É importante ressaltar que, mesmo o racismo sendo crime previsto na Lei 7.716/1989 e o Senado Federal tendo aprovando o projeto que classifica injúria racial como racismo, a conivência das entidades que gerem o futebol e suas vertentes falaram, novamente, mais alto.

O nigeriano-americano Emmanuel Acho, ex-linebacker da NFL, afirma no livro “Conversas desconfortáveis com um homem negro” que no racismo “se as pessoas brancas são o problema, elas precisam fazer parte da solução”.

É preciso entender a profundidade da frase escrita por Acho. O racismo não é um assunto só dos negros. Não é uma agenda combatida só por quem sofre as dores causadas por ele. É necessário que pessoas brancas questionem aqueles que se aferram ao discurso da branquitude. Ser empático, informado e corajoso é perceber as coisas erradas de um mundo moderno feito para o conforto de um único grupo de pessoas. É saber e questionar que a importância do “Mês da História Branca” ou “Dia da Consciência Branca” não apenas não é necessário, mas na verdade é um ato de racismo. Não é só focar em privilégio, mas sim furar a bolha de que o mundo foi feito para o branco dar certo.
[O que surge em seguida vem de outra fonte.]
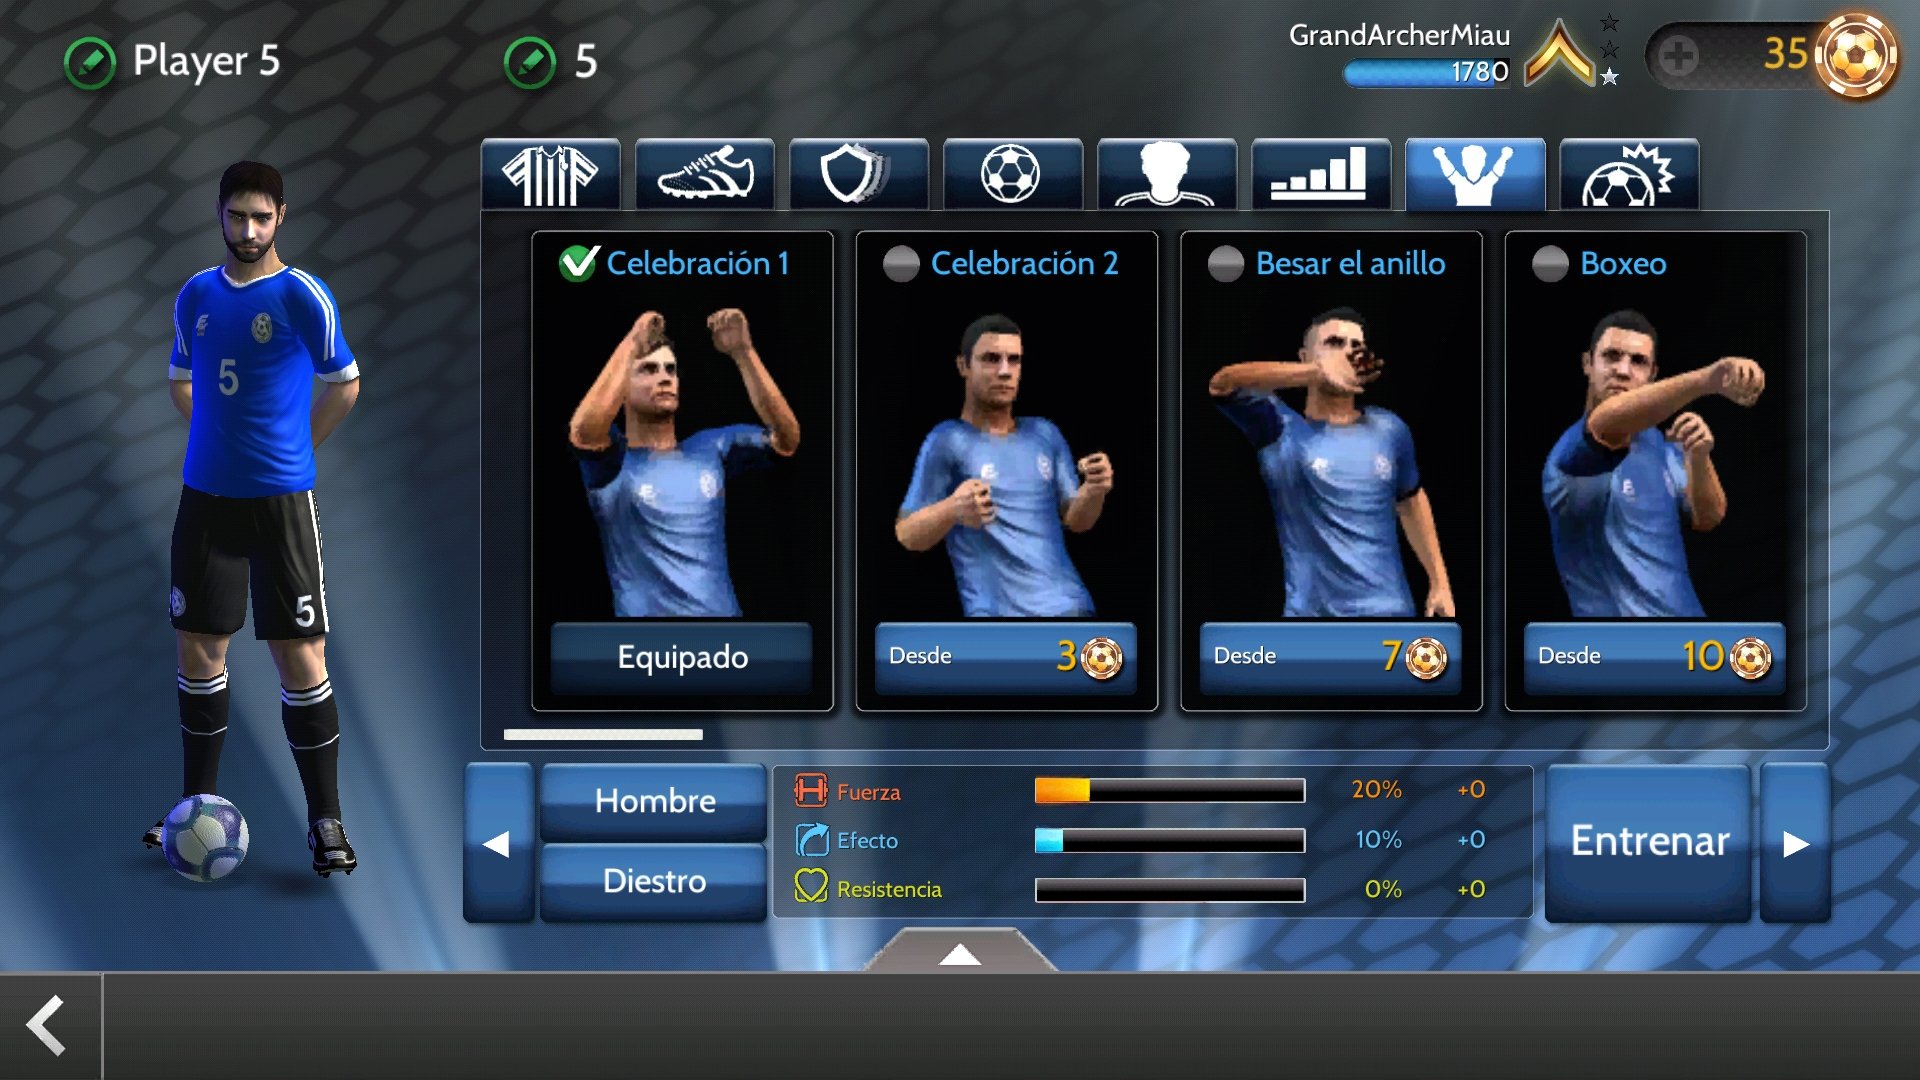 Download do APK de Multicanais futebol direto para Android

Voltando às amarras, a escravidão é um evento moderno dentro da história do negro, por isso é importante dar cor aos personagens/pessoas. Celsinhos, Adrianas, Aranhas, Grafites, Malcoms, Floyds, Zumbis. Por eles, com eles e graças a eles, seguimos lutando. E digo mais: se não fossem eles, esse texto não seria sequer cogitado, quiçá publicado.

O racismo é ensinado, assim como o antirracismo. Segundo Paulo Freire, “quando a educação não é libertadora, o sonho do oprimido é ser o opressor". Ou seja, a educação é o caminho da liberdade e também da mudança pela qual tanto lutamos e com a qual sonhamos para o futuro.

Para aqueles que marcham, resistem, se ajoelham e mantêm a esperança, força!

Para quem relativiza um preconceito sustentado pela ignorância, volte ao começo do texto e leia de novo. Se mesmo assim o racismo seguir relativizado, o grande problema da sua vida não é ele, e sim você!